Today is Law Day, a national day set aside by President Dwight Eisenhower in 1958 to celebrate the rule of law. But except for lawyers, their professional organizations and some school and civic-minded groups, few Americans take even a moment on this day to think about this bedrock of our system of government and society, much less celebrate it. There is an enduring dislike of lawyers, as according to public opinion polls, lawyers continue to be at the bottom of the list of respected occupations which in my opinion is a bum rap.
Lawyer-bashers like to smugly make their point with this quote from one of Shakespeare’s plays: "The first thing we do, let’s kill all the lawyers." Actually this line is commonly misinterpreted because it is taken out of context. In the play, "Henry VI" (Part 2 Act 4,) one of the characters, Dick the Butcher, makes this comment to his fellow rebels as they plan to overthrow the English government to establish a dictatorship that would take away the rights and freedoms of the people. Shakespeare’s point was that since lawyers are the protectors of the rule of law guaranteeing these rights and freedoms, anyone intending to do away with these rights and freedoms would make it their first order of business to get rid of the lawyers. In other words, lawyers play a key part in a government under a rule of law.
Many lawyers do not play this role in a dramatic or news headline way, such as appearing before the Supreme Court to argue a major case. They do it routinely on a day-to-day basis in their representation of clients in various courts. In criminal cases, their professional duty is to challenge any potential violation of their clients’ rights by government officials. But these challenges go beyond merely protecting the rights of individual clients, as they also in effect protect the public.
According to a recent local story in this newspaper, an attorney challenged the use of four bags of alleged heroin as incriminating evidence against a client who is charged with the criminal possession of the drug. The client was reportedly walking along North Street in Pittsfield with an individual for whom the police had a warrant to search his house four blocks away. The police were following this duo when they decide to stop them which caused the individual in question to drop 68 bags of heroin on the sidewalk. His companion, the lawyer’s client, was then frisked and four bags of heroin were found on him. Both of them were then arrested.
One of the officers testified that these individuals did nothing to put him in fear, did not show weapons, did not try to run away, did not exchange drugs, nor did anything to make the officer believe they were going to commit a crime. The only thing this officer reportedly said was that the lawyer’s client happened to be walking in the company of the individual who was an alleged drug dealer.
This lawyer’s challenge goes beyond the representation of his client. He in effect is doing it to protect the right of anyone from being stopped, patted down and arrested for any incriminating evidence found on their persons merely for walking on a public city sidewalk in the company of a person who is an alleged known criminal.
Lawyers on a more basic level became a necessary part of society because not every human being is honest and law-abiding. As one writer noted, lawyers filled a need in society as "repairmen" to deal with the "nitty-gritty" problems that developed ever since people first decided to live in civilized societies. There really is no other professional group in our society that people can call to deal with problems ranging from landlord-tenant matters, to seeking recourse from contractors who do shoddy work and merchants who sell shoddy products, to seeking compensation for damages caused by the fault of others, to settling marital disputes, and I could keep adding a multitude of other problems.
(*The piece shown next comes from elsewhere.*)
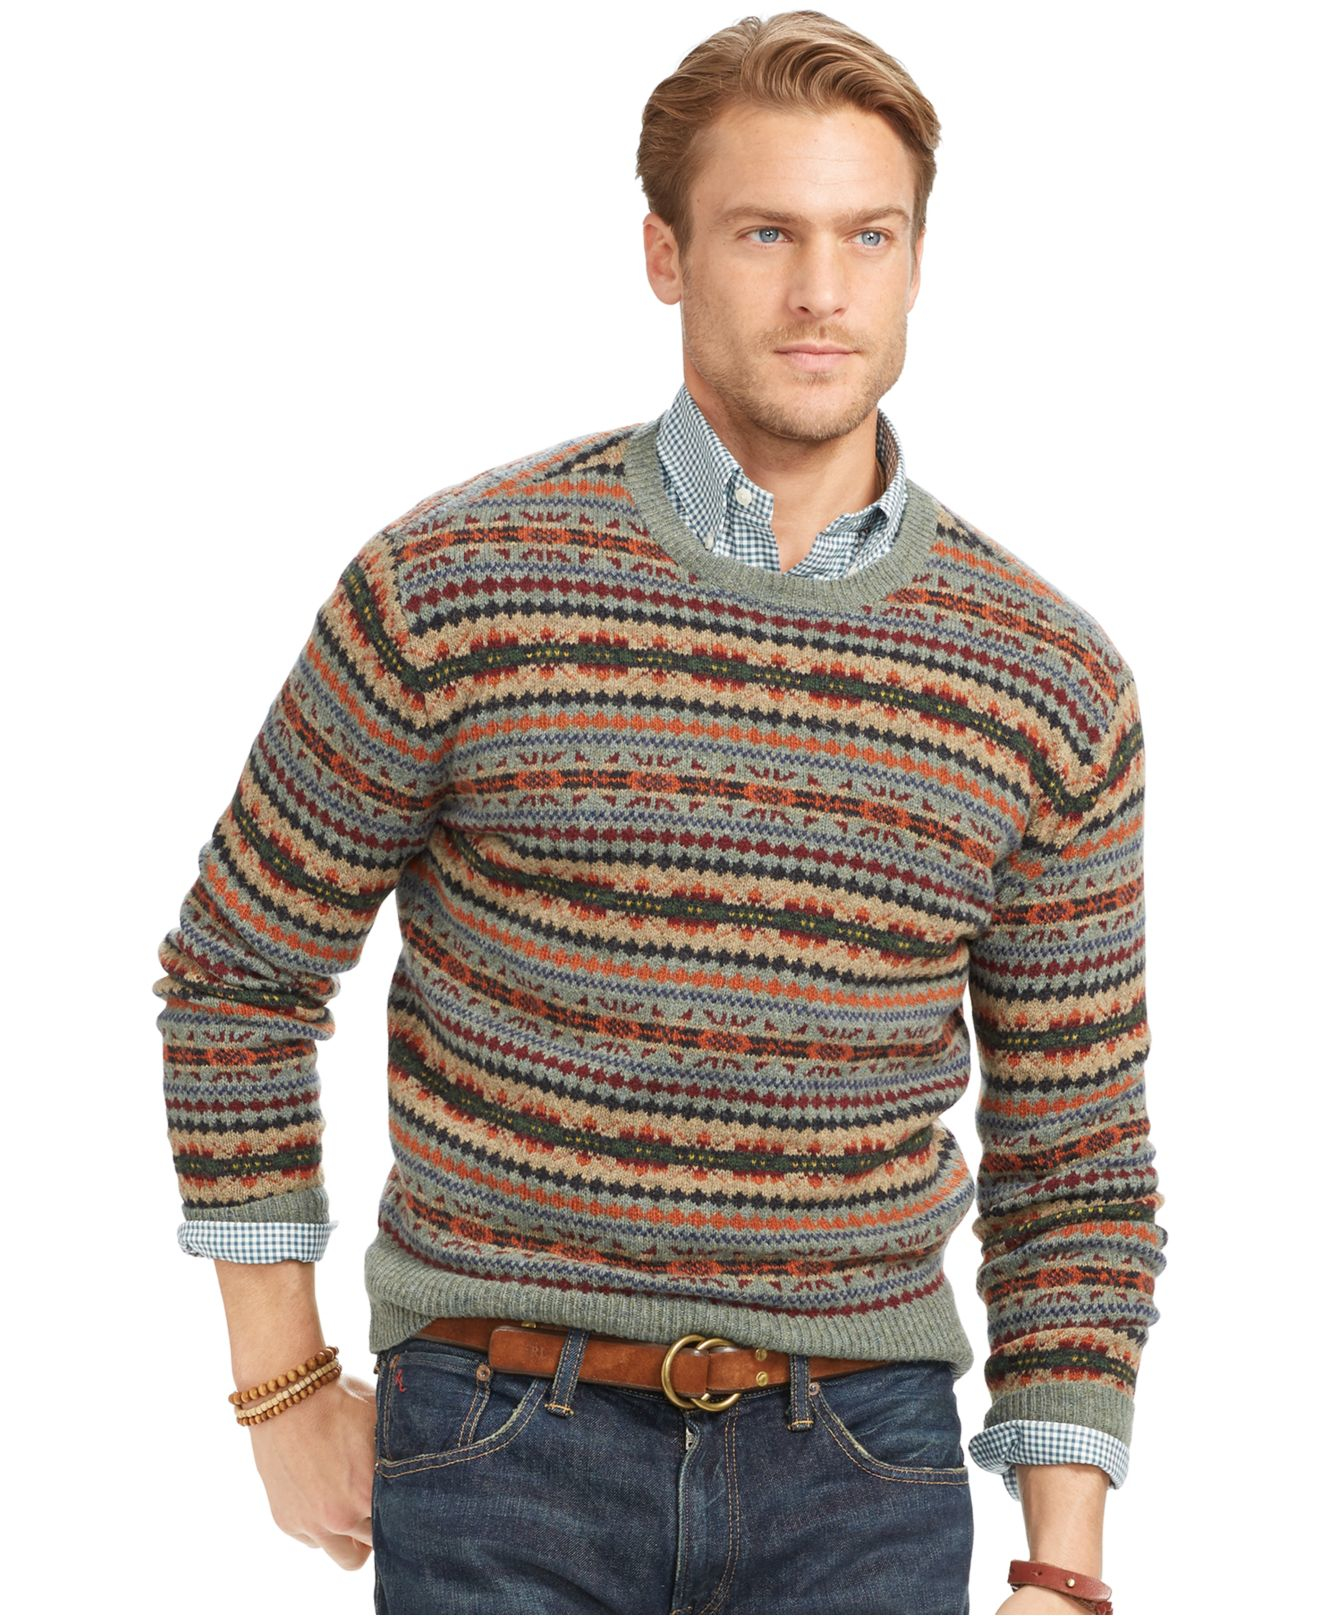 polo ralph lauren fair isle merino wool sweater for men lyst. Black Bedroom Furniture Sets. Home Design Ideas

Despite the fact that lawyers are important protectors of the rights and freedom of people and are much sought after to deal with the day-to-day problems that occur in our society, they continue to be maligned. Why? Because it is the nature of the matters they work on. For the most part they deal with matters that cause people grief. I have joked with my fellow lawyers that we should call our briefcases, griefcases because of the mainly grief-filled files in them.
Unfortunately, some of the blame for these problems eventually gets transferred by the clients to their lawyers. And worse, some consider lawyers to be as bad as the clients they represent. In Durham, N.C., according to a blog by professor of law and writer Jonathan Turley, there is an investigation ongoing into the conduct of a police chief who is alleged to have said that a public defender deserved to be shot because he represents accused criminals.
This Law Day, I urge people to consider the important contributions of lawyers to our democracy and our society.
A Pittsfield lawyer, Robert F. Jakubowicz is a regular Eagle contributor.